**EXERCISE PROMPT:** An exact transcription is needed of the lines below from the one with "CA196经济舱回上海小记 疫情之下-台湾长荣休息室的用餐环境" through the one with "Allium aflatunense - Stock Image", with no other lines and no pictures.

**MATERIAL PROVIDED:**

****************

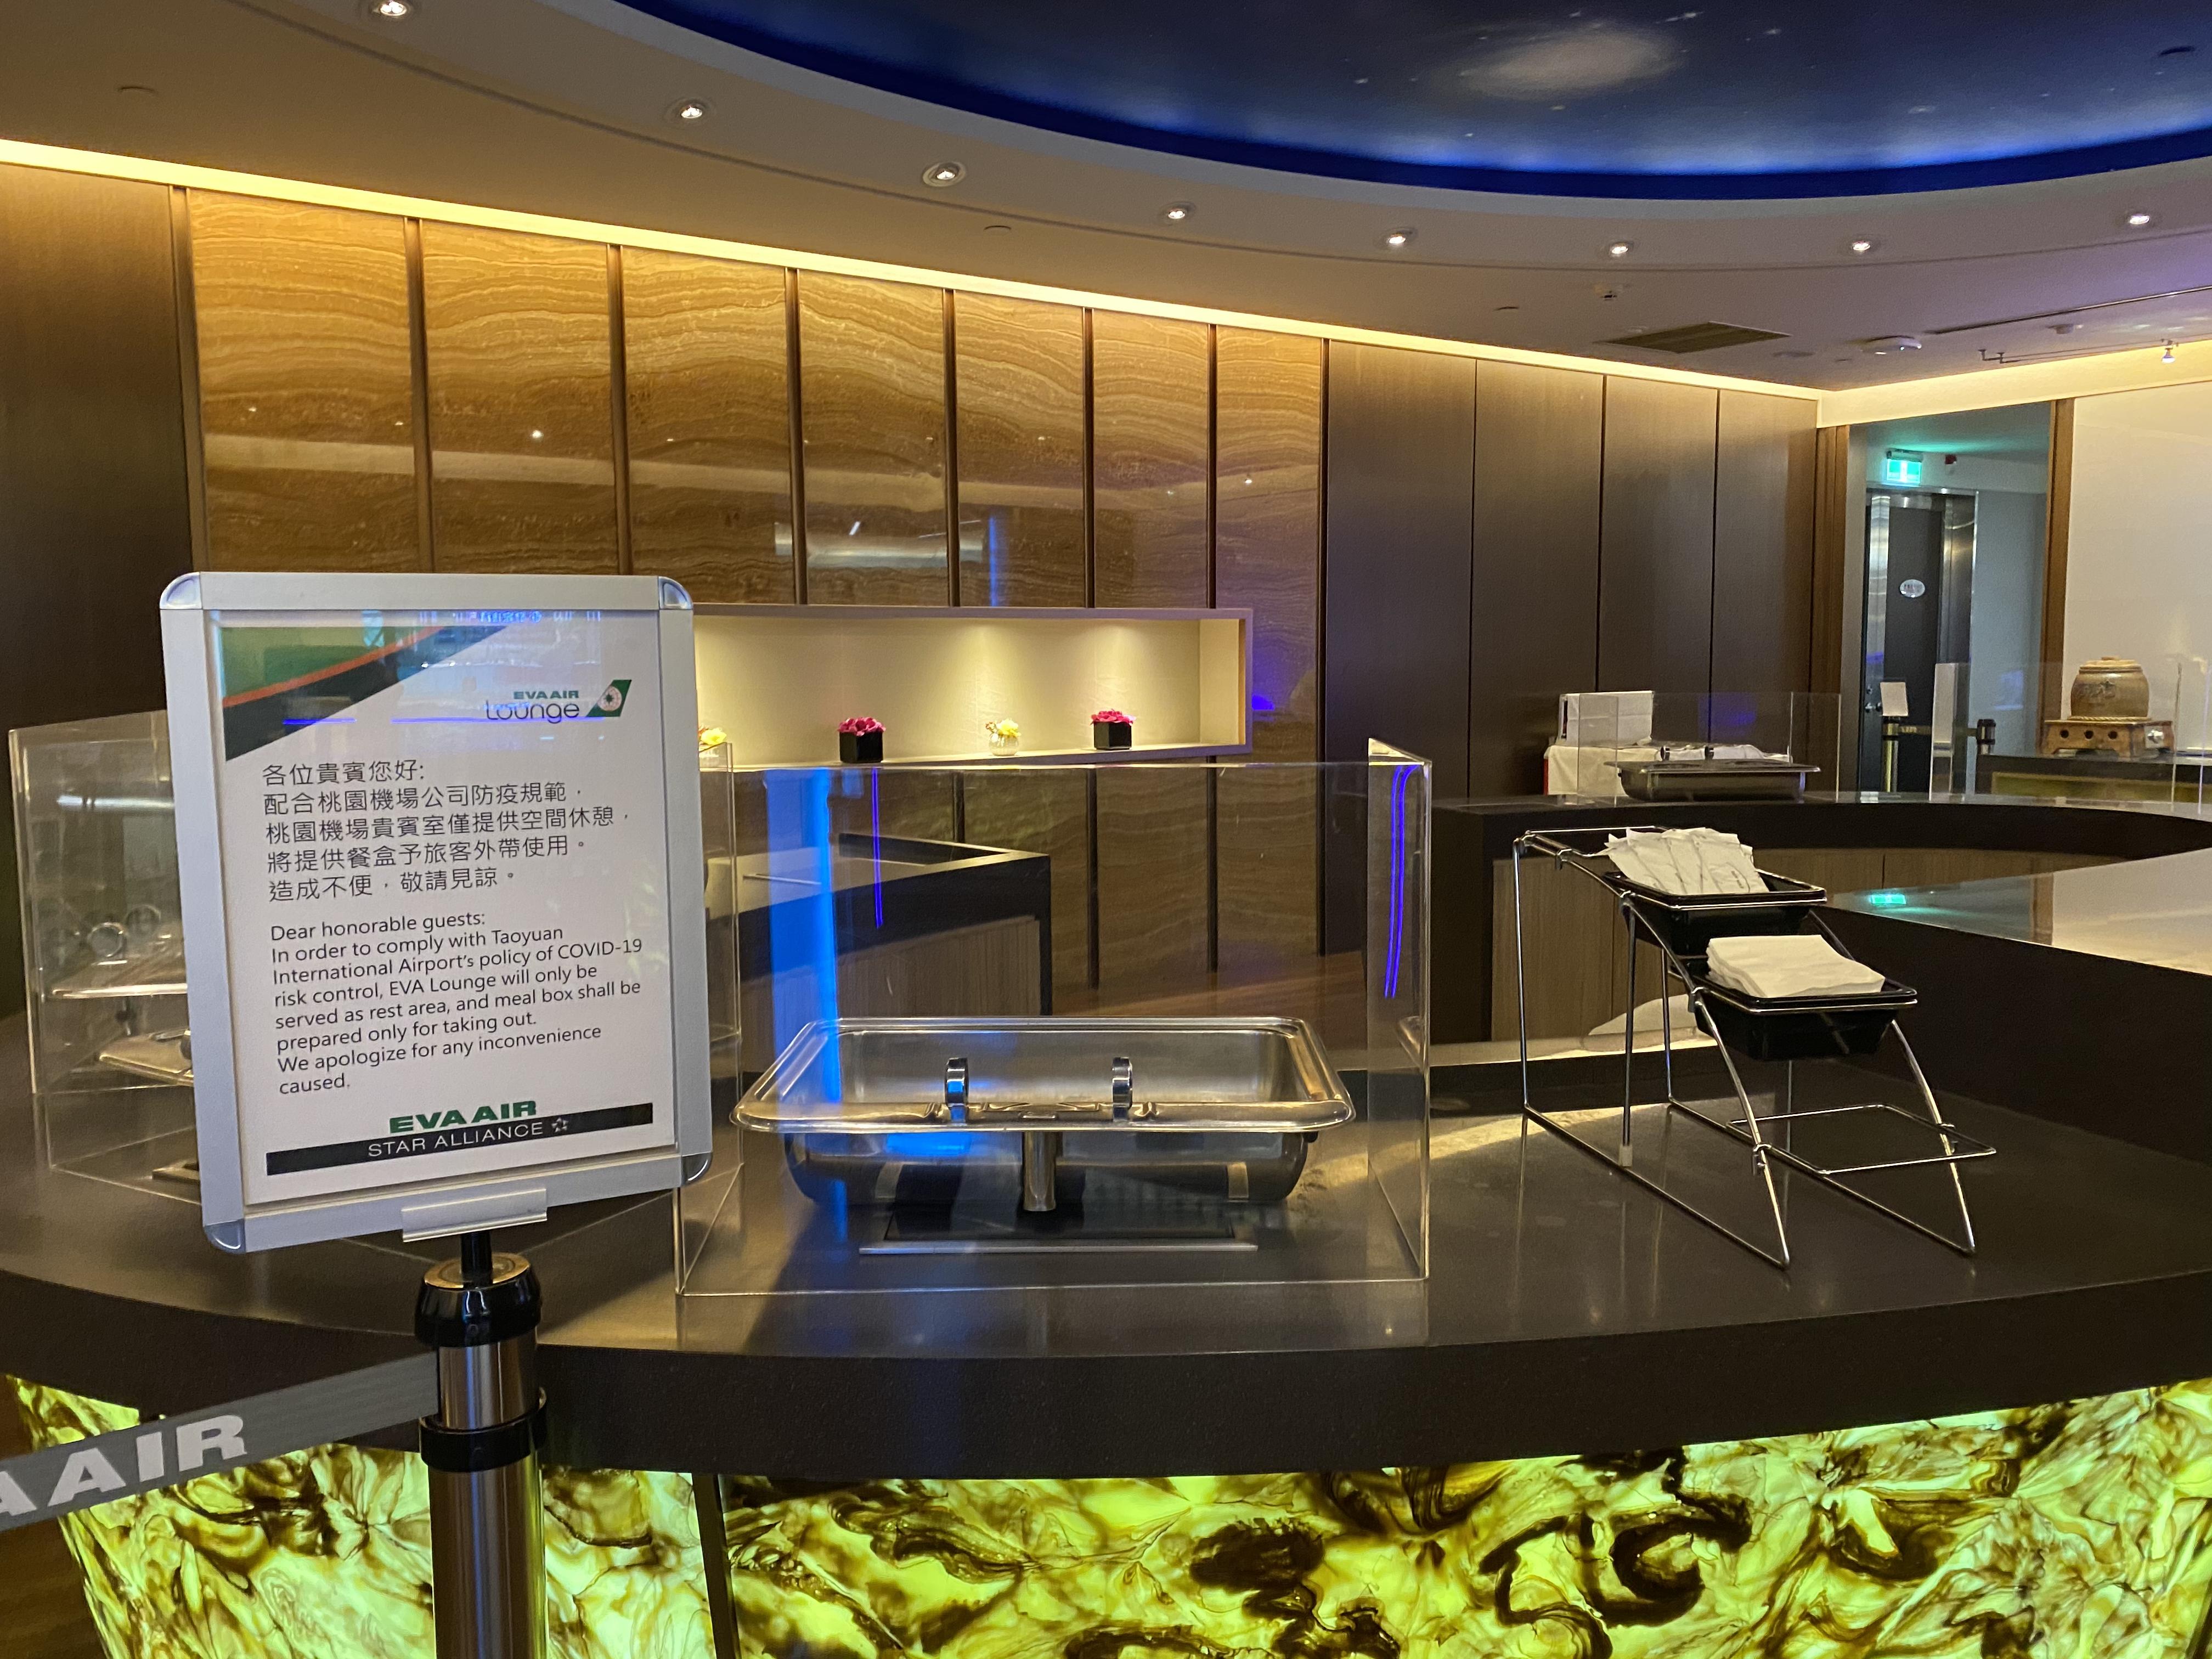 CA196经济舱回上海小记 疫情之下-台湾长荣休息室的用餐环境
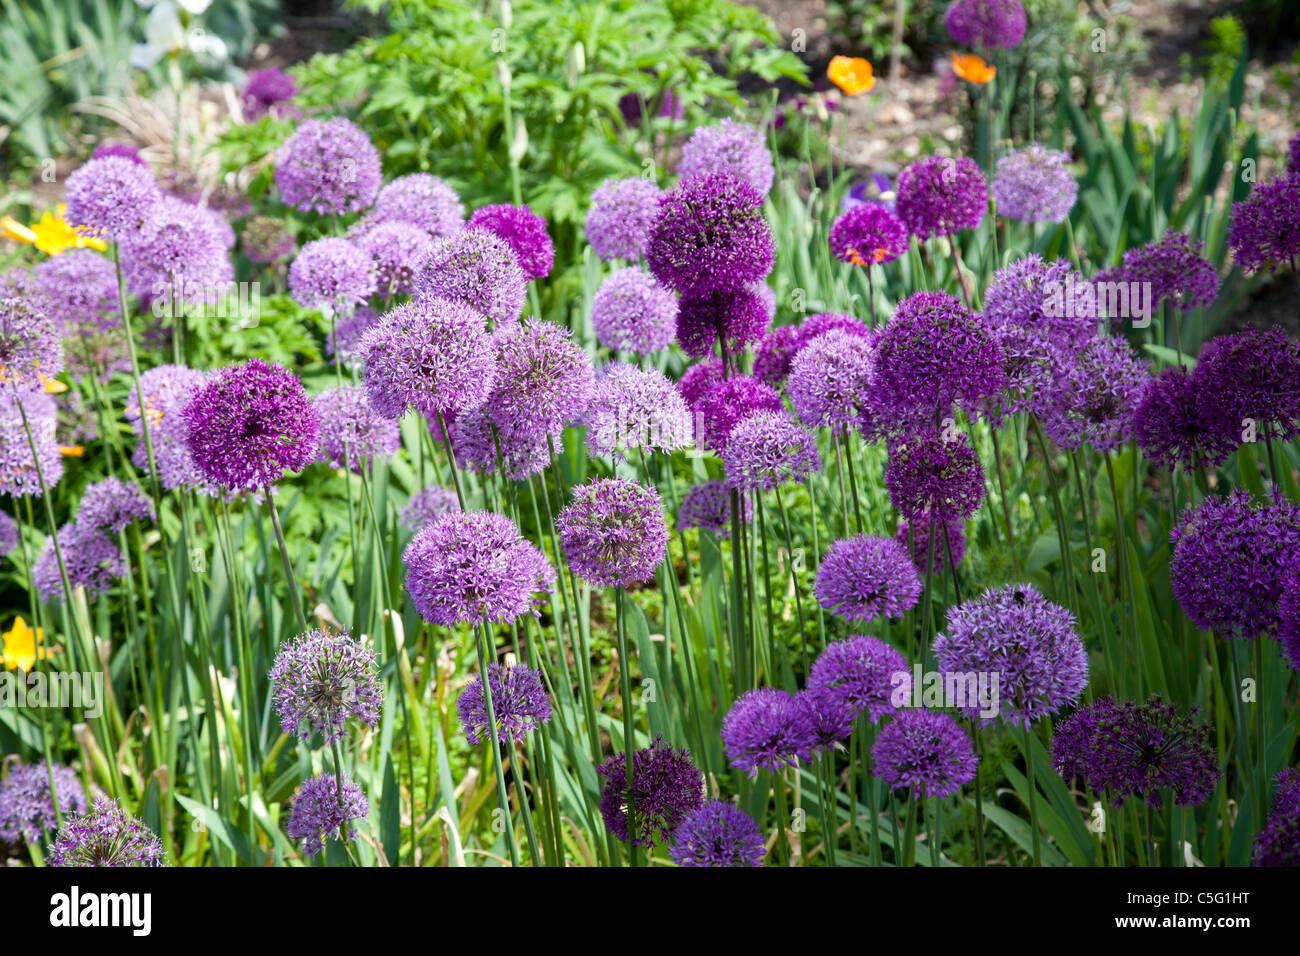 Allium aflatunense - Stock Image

****************

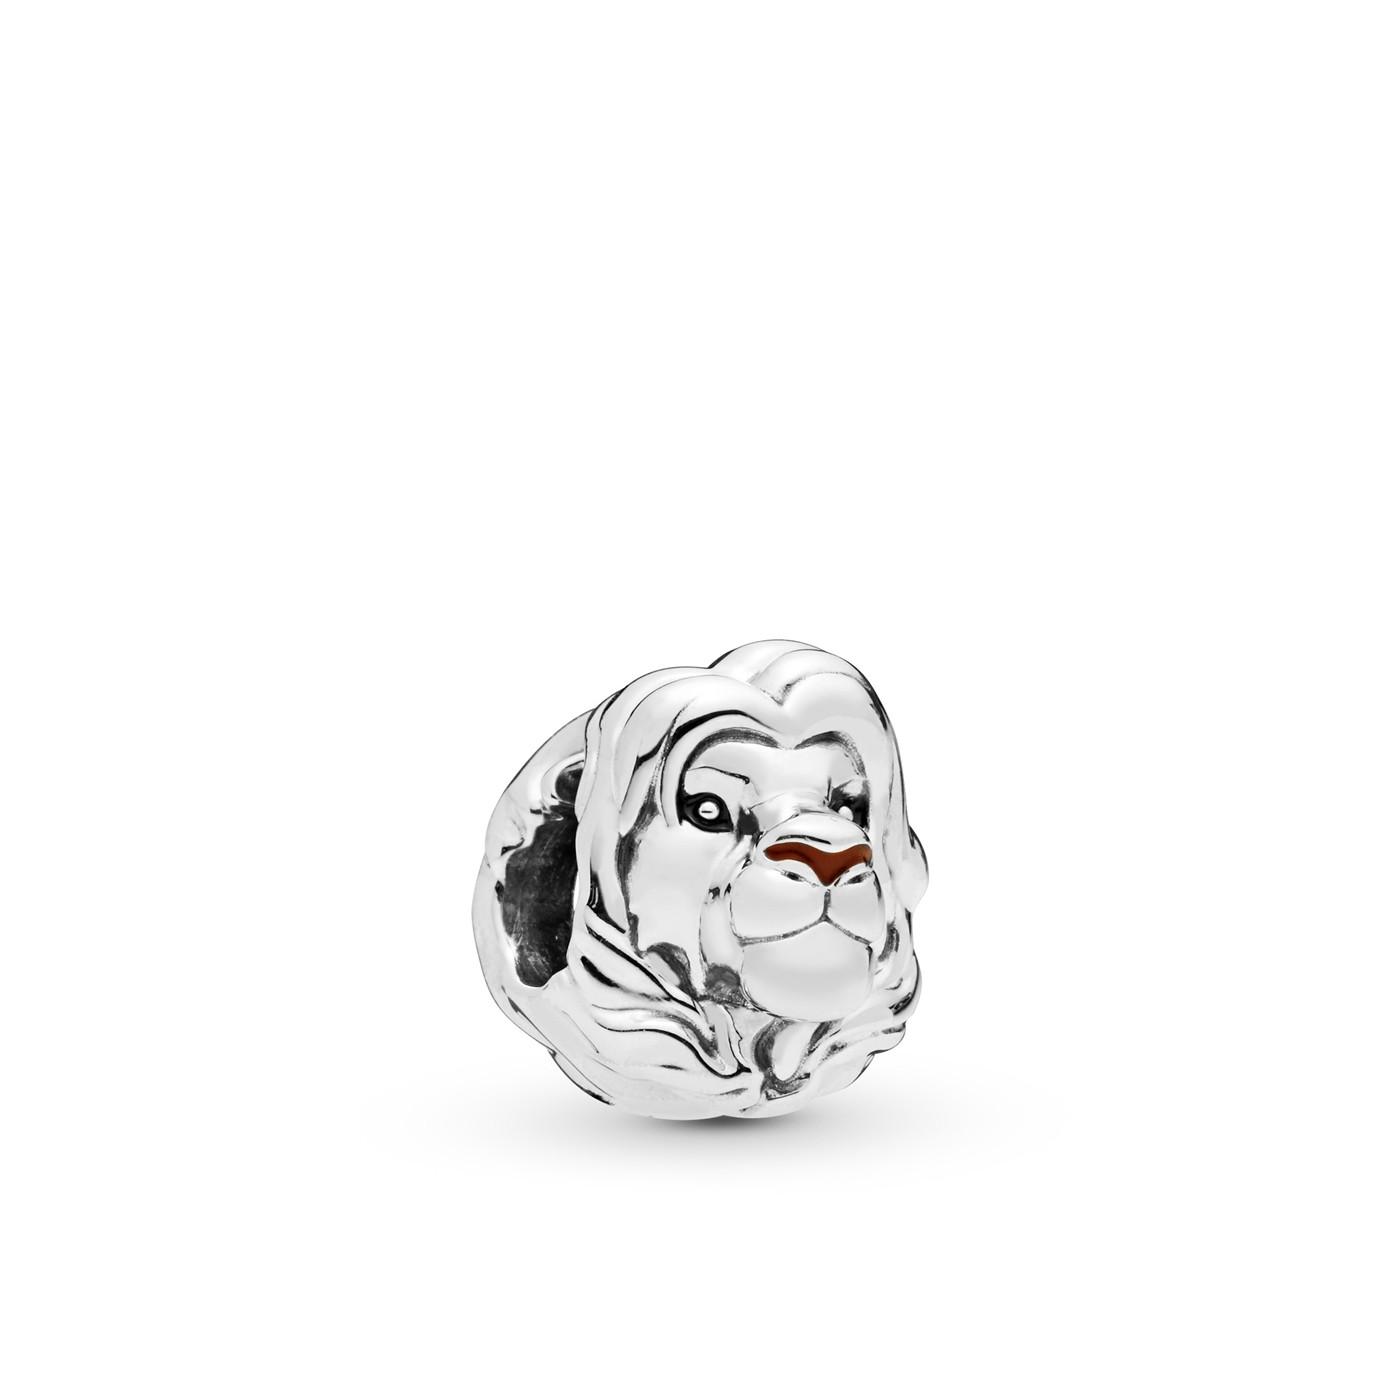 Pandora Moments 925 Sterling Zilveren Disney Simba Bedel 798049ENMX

****************

**OUTPUT:**
 CA196经济舱回上海小记 疫情之下-台湾长荣休息室的用餐环境
 Allium aflatunense - Stock Image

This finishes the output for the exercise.